Shocking but true: Wall Street’s too-big-to-fail banks, all backed by the US taxpayer, are big players in the commodities markets. Yep, in addition to their massive commodity derivatives activities, they are also actively engaged in owning, storing, transporting and otherwise playing around with physical commodities, all to maximize profits and almost always at the expense of consumers, i.e., Main Street.
One way to find out more about this is at 10am tomorrow the Senate Banking Committee Subcommittee on Financial Institutions and Consumer Protection will hold a hearing entitled “Examining Financial Holding Companies: Should Banks Control Power Plants, Warehouses, and Oil Refineries?”
The hearing is timely – indeed, overdue – as reports of Wall Street banks manipulating, distorting and pillaging the physical commodities markets have filled the news lately. For example, the New York Times, Bloomberg, and the Financial Times (not once, not twice, but three times) are all reporting that the big banks’ manipulative trading of everything from aluminum and copper to electricity has provoked the ire of manufacturers and regulators alike. The blog Naked Capitalism also has a lengthy piece provocatively titled “How Goldman Made $5 Billion By Manipulating Aluminum Inventories (And Copper Is Up Next)”, which dissects some of Wall Street’s more egregious misdeeds.
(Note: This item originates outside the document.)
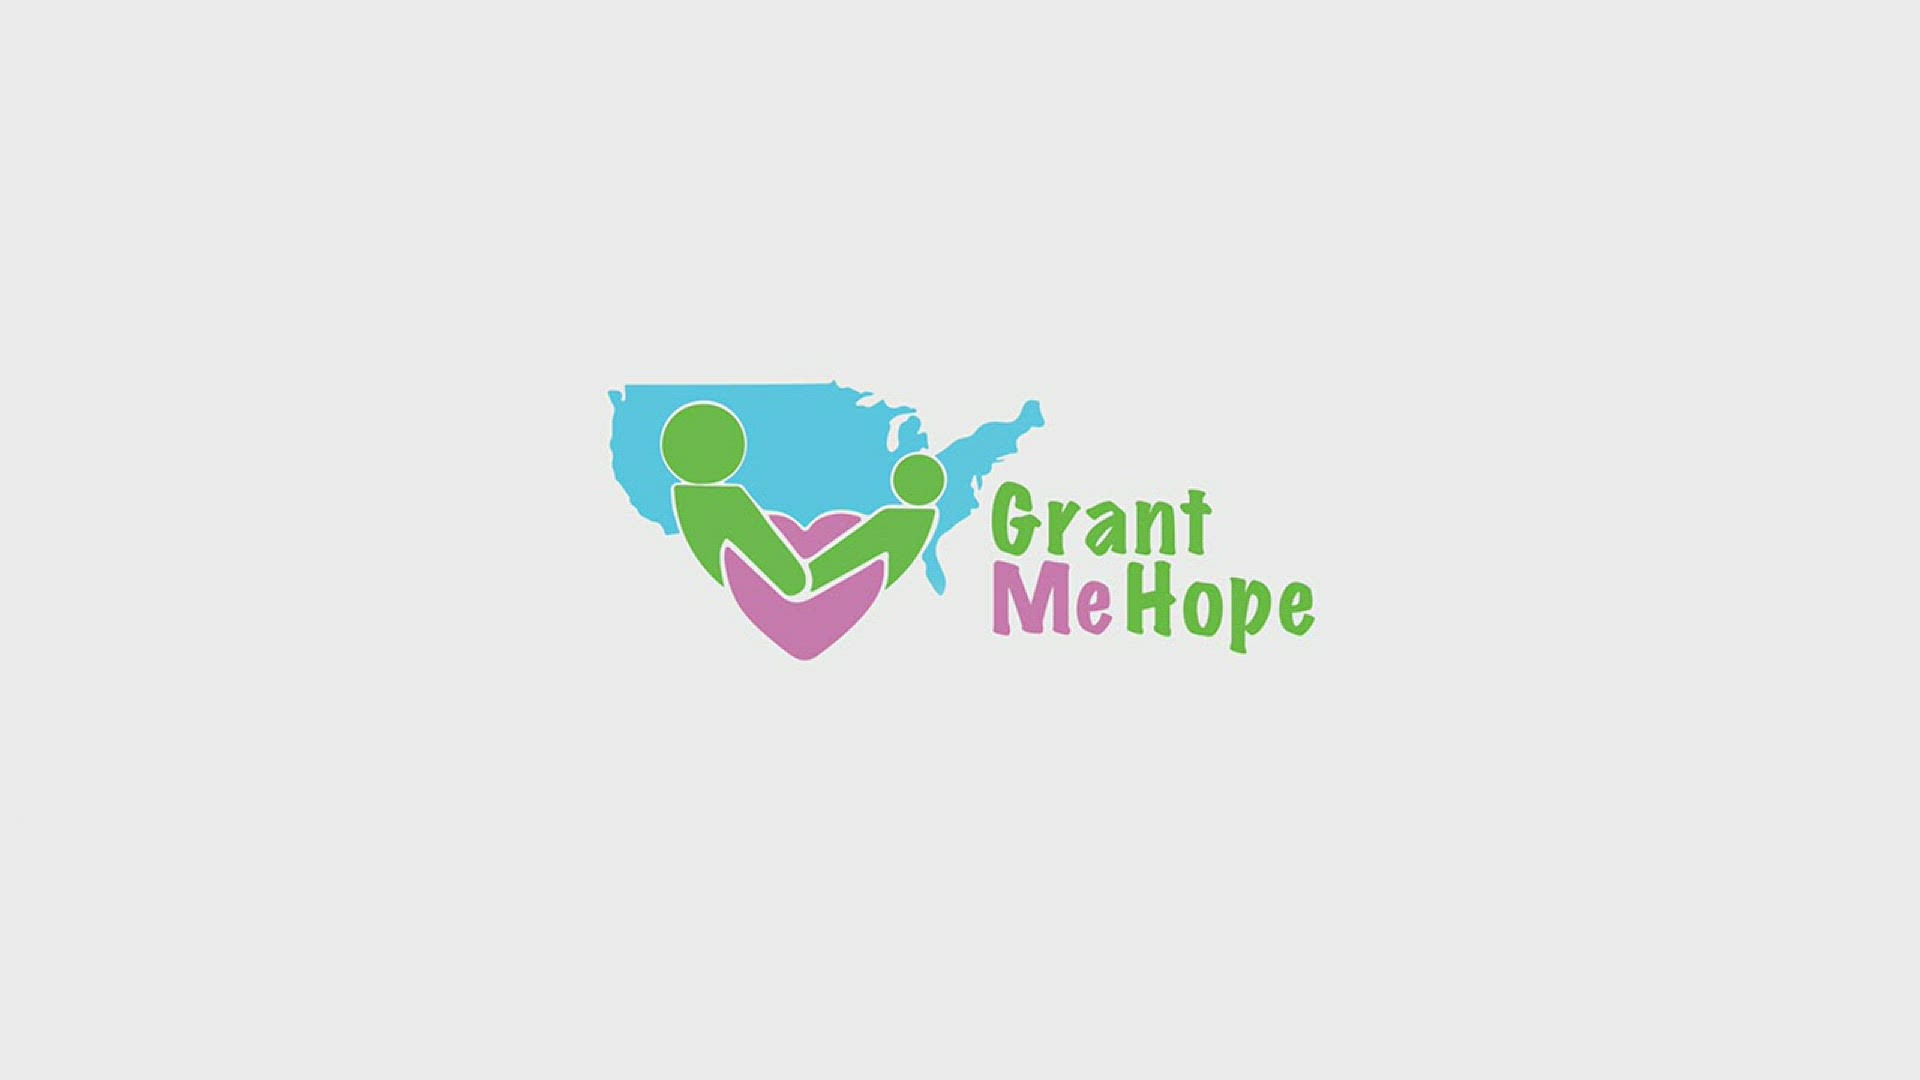 Grant Me Hope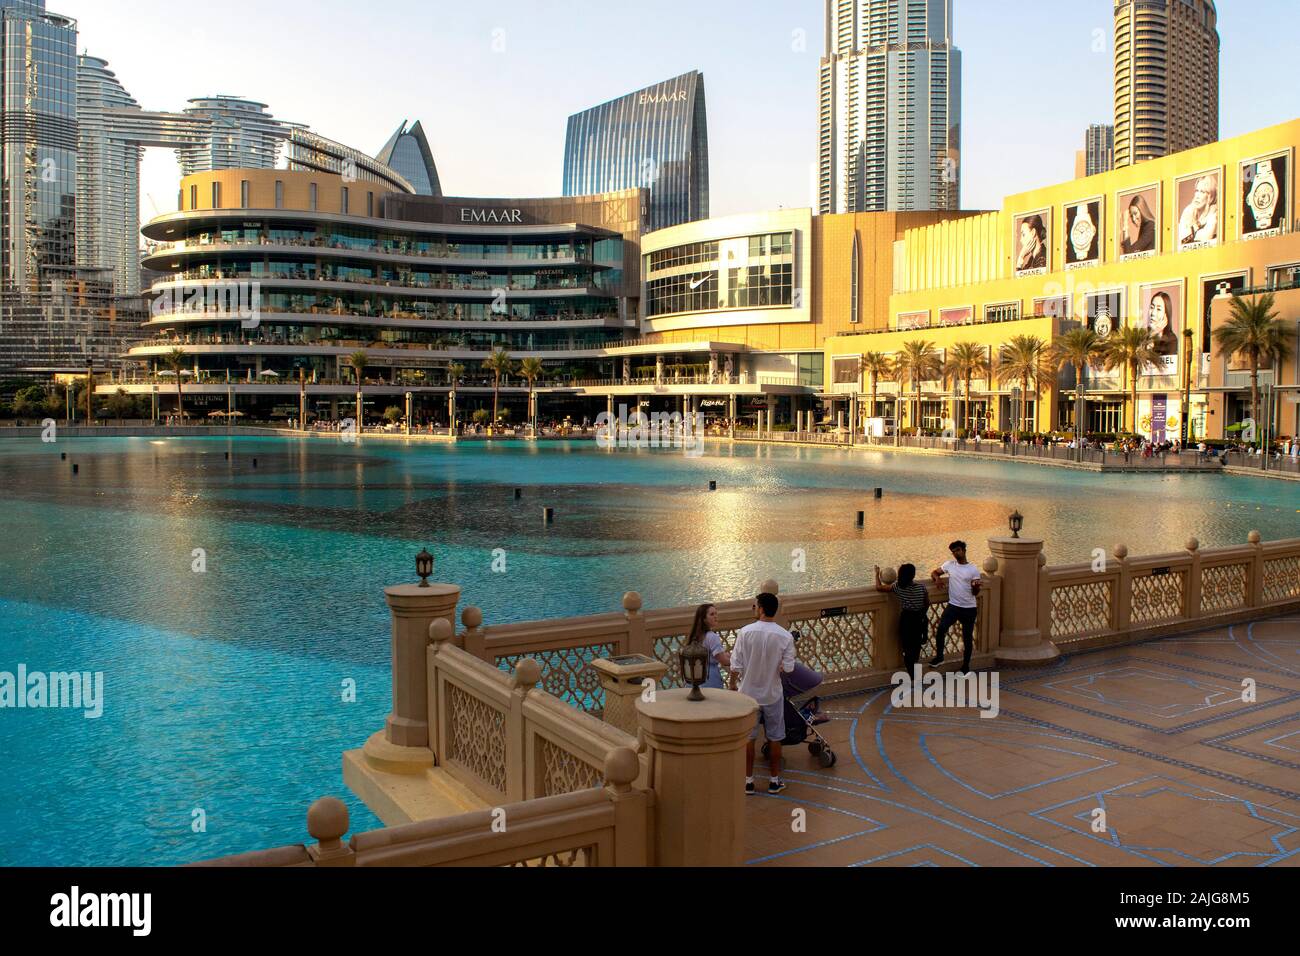 Dubaï / Émirats Arabes Unis - 5 novembre 2019 : le plus grand centre commercial du monde. Extérieur du centre commercial de Dubaï avec touristes et piscine. Magnifique centre-ville de Dubaï Banque D'Images

How can these so-called banks be doing all this? As Reuters, Bloomberg and others note, in 2003 the Federal Reserve Board (the primary overseer of our nation’s biggest banks) overturned a long-standing tradition of prohibiting banks from trading physical commodities, ostensibly because the banks’ claimed that commodities had all of a sudden become “complementary” to banking. This rationale had long been used to allow banks to trade bullion metals like gold and silver, but was now inexplicably applied to everything from industrial metal to jet fuel. That’s right: jet fuel is supposedly “complimentary” to banking, at least in the warped world of the Fed and Wall Street.
The result was, predictably, massive disruption to those markets, as banks with huge resources and cheaper financing than traditional merchants – yet no real economic incentives to serve the needs of actual producers and consumers – turned the commodity markets into a giant casino. At long last, the Fed appears to be reconsidering its mistake. And the hearing tomorrow should give them a much-needed push in the right direction.